EM Algorithm concept
In a machine learning application, there will be two types of data present in the data set, observed and unobserved(latent variables/missing values that are not directly observable and are actually inferred from the values of the other observed variables).
EM algorithms are known for density estimation (maximum likelihood estimation) and EM is also famous for clustering algorithm.
The EM algorithm is an approach for performing maximum likelihood estimation in the presence of latent variables.
Probability Density estimation
Probability Density estimation is basically the construction of an estimate based on observed data. It involves selecting a probability distribution function and the parameters of that function that best explains the joint probability of the observed data.
Maximum likelihood estimation
To select the joint probability distribution, what we require is Density estimation.
Density estimation needs to find out a probability distribution function and the parameters of that distribution.
The most common technique to solve this problem is the Maximum Likelihood Estimation or simply “maximum likelihood”.
Maximum Likelihood Estimation
In statistics, maximum likelihood estimation is the method of estimating the parameters of a probability distribution by maximizing the likelihood function in order to make the observed data most probable for the statistical model.
But there lies a limitation with Maximum Likelihood, it assumes that the data is complete, fully observed, etc. It does not really mandate that the model will have access to all the data. Instead, it assumes that all the variables relevant to the model are already present. But in some cases, some relevant variables may remain hidden and cause inconsistencies.
So, basically to implement EM algorithm on problem of clustering we use Gaussian mixture model.
Steps involves in EM Algorithm
-
Consider a set of starting parameters in incomplete data (consider complete data with latent variables or missing values).
-
E-Step (Expectation step): In this step, what we do is that Basically the data in which the missing values and latent variables are present, we estimate them by observe data that we have. (Updating variables and data)
-
M-step (Maximization step): This step is basically used to complete the data we get from E-step. This step updates the hypothesis.
-
If the convergence is not matched then repeat step 2 and 3.

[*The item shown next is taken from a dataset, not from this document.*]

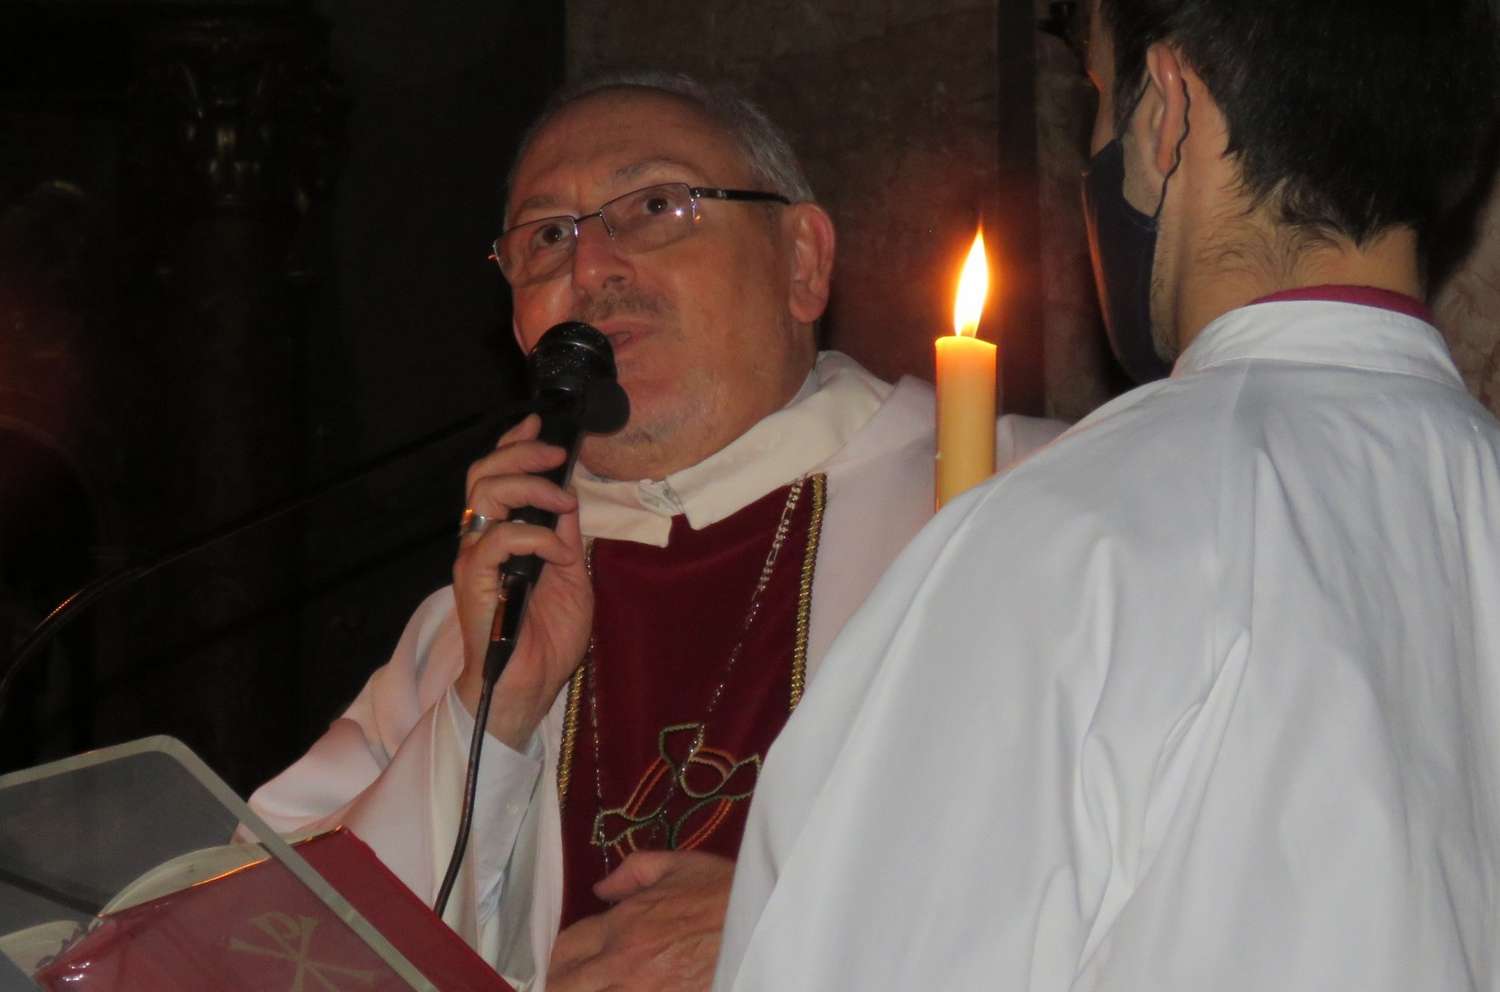 Zordán reclamó un Iglesia con rostro sinodal

See the diagram for clarification

Use of GMM (Gaussian mixture model) in EM
- Gaussian Mixture Model is used the combination of probability distributions and the estimation of mean and standard deviation parameters.

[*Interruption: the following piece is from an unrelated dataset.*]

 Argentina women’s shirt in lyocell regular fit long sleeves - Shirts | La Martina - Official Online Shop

- Gaussian mixture model has number of techniques to estimate data but common one is maximum likelihood.
GMM (Gaussian Mixture Model)
- Gaussian Mixture Model is used the combination of probability distributions and the estimation of mean and standard deviation parameters.
- Gaussian mixture model has number of techniques to estimate data but common one is maximum likelihood.

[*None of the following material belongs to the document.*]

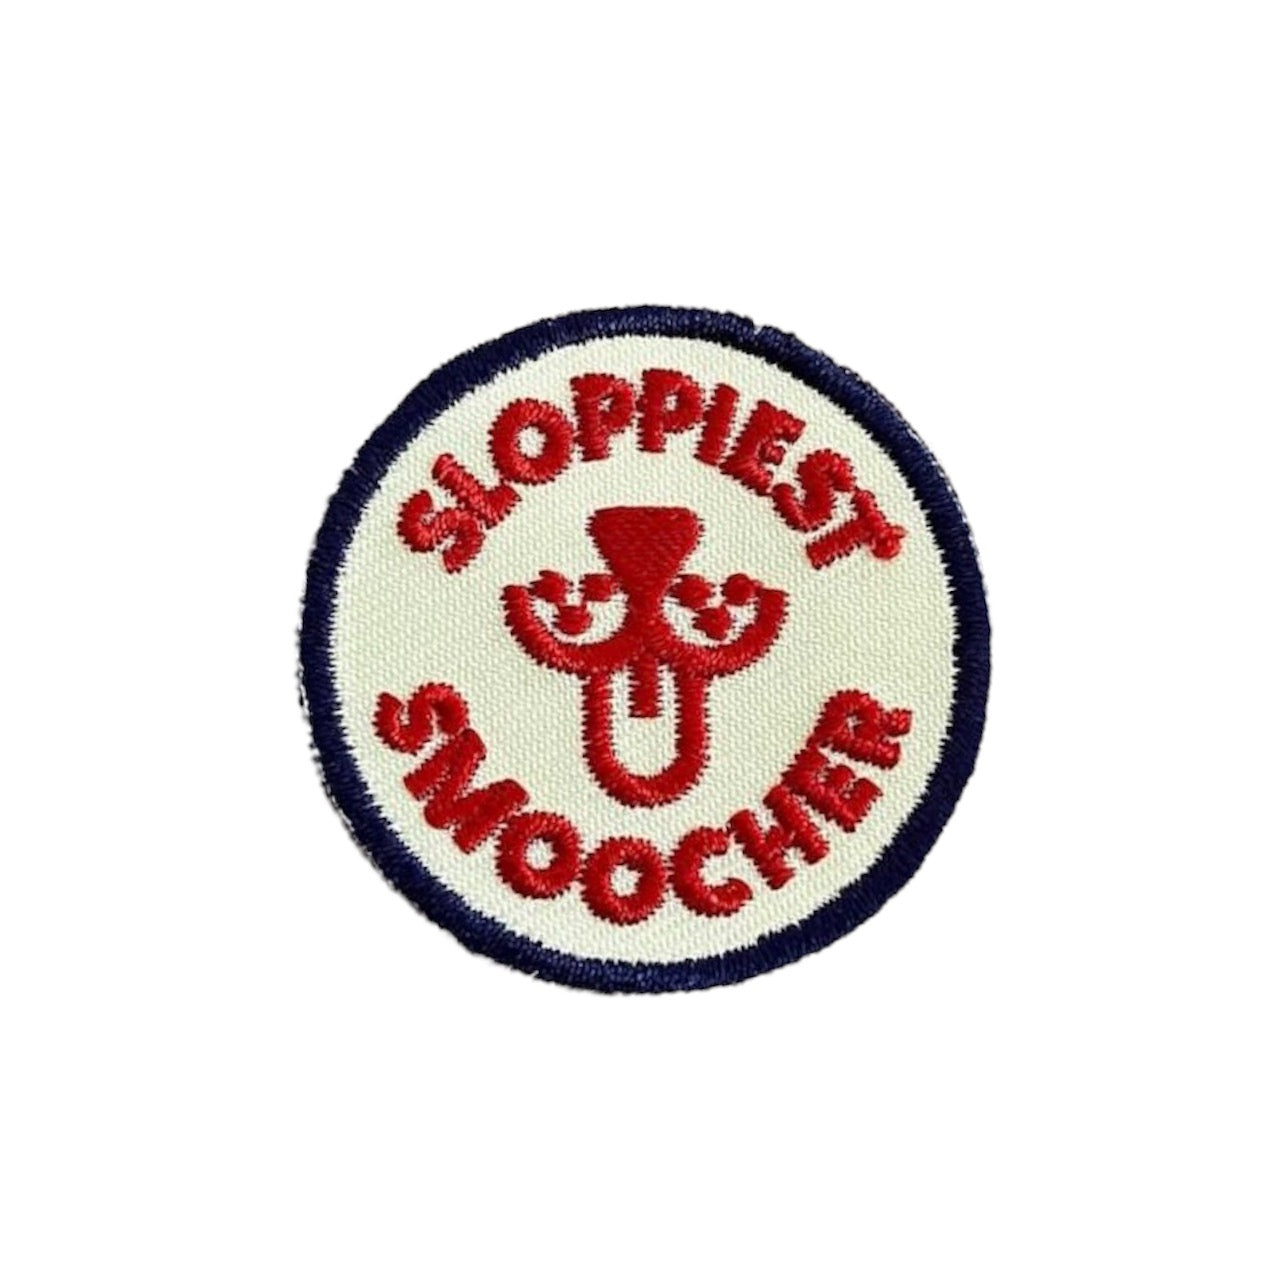 Sloppiest Smoocher Badge

Let's see it by an example
- Let's take a case in which the data points we have, are generated from two different processes i. e. unknown.
- But we do not know which data point belongs to which class, and the data that we have also includes latent variables and missing values.
- Both processes have Gaussian probability distribution.
- We will be applying EM algorithm here with Gaussian mixture model to know which data points are from which process.
#Importing Important Libraries
from numpy import hstack
from numpy.random import normal
import matplotlib.pyplot as plt
#Defining samples from processes
sample1 = normal(loc=20, scale=5 , size=4000)
sample2 = normal(loc=40, scale=5 , size=8000)
sample = hstack((sample1,sample2))
plt.hist(sample, bins=50, density=True)
#Showing the data points
plt.show()
|
Output

Note:
- What we did here is we have taken one dimensional data with mean is 20 mfor process1 and 40 is for process2 and standard deviation is 5.
- we have taken 4000 point for process1 and 8000 points for process.
- And after that we plot a graph which shows data distribution.
- As you can see from the graph the data points between 20 and 40 are unclear as which distribution or process they belongs.
# Gaussian mixture model with expectation maximization
from numpy import hstack
from numpy.random import normal
#Importing Gaussian mixture model
from sklearn.mixture import GaussianMixture
# generate a sample
sample1 = normal(loc=20, scale=5, size=4000)
sample2 = normal(loc=40, scale=5, size=8000)
sample = hstack((sample1, sample2))
# reshape into a table with one column to fit the data
sample = sample.reshape((len(sample), 1))
# training the model
model = GaussianMixture(n_components=2, init_params='random')
model.fit(sample)
# predict latent values
yhat = model.predict(sample)
# check latent value for first few points
print(yhat[:80])
# check latent value for last few points
print(yhat[-80:])
|
Output

Note:In above code we used EM algorithm with Gaussian mixture model and from the output above we can see that our model predicted points in one class either 0 or 1 .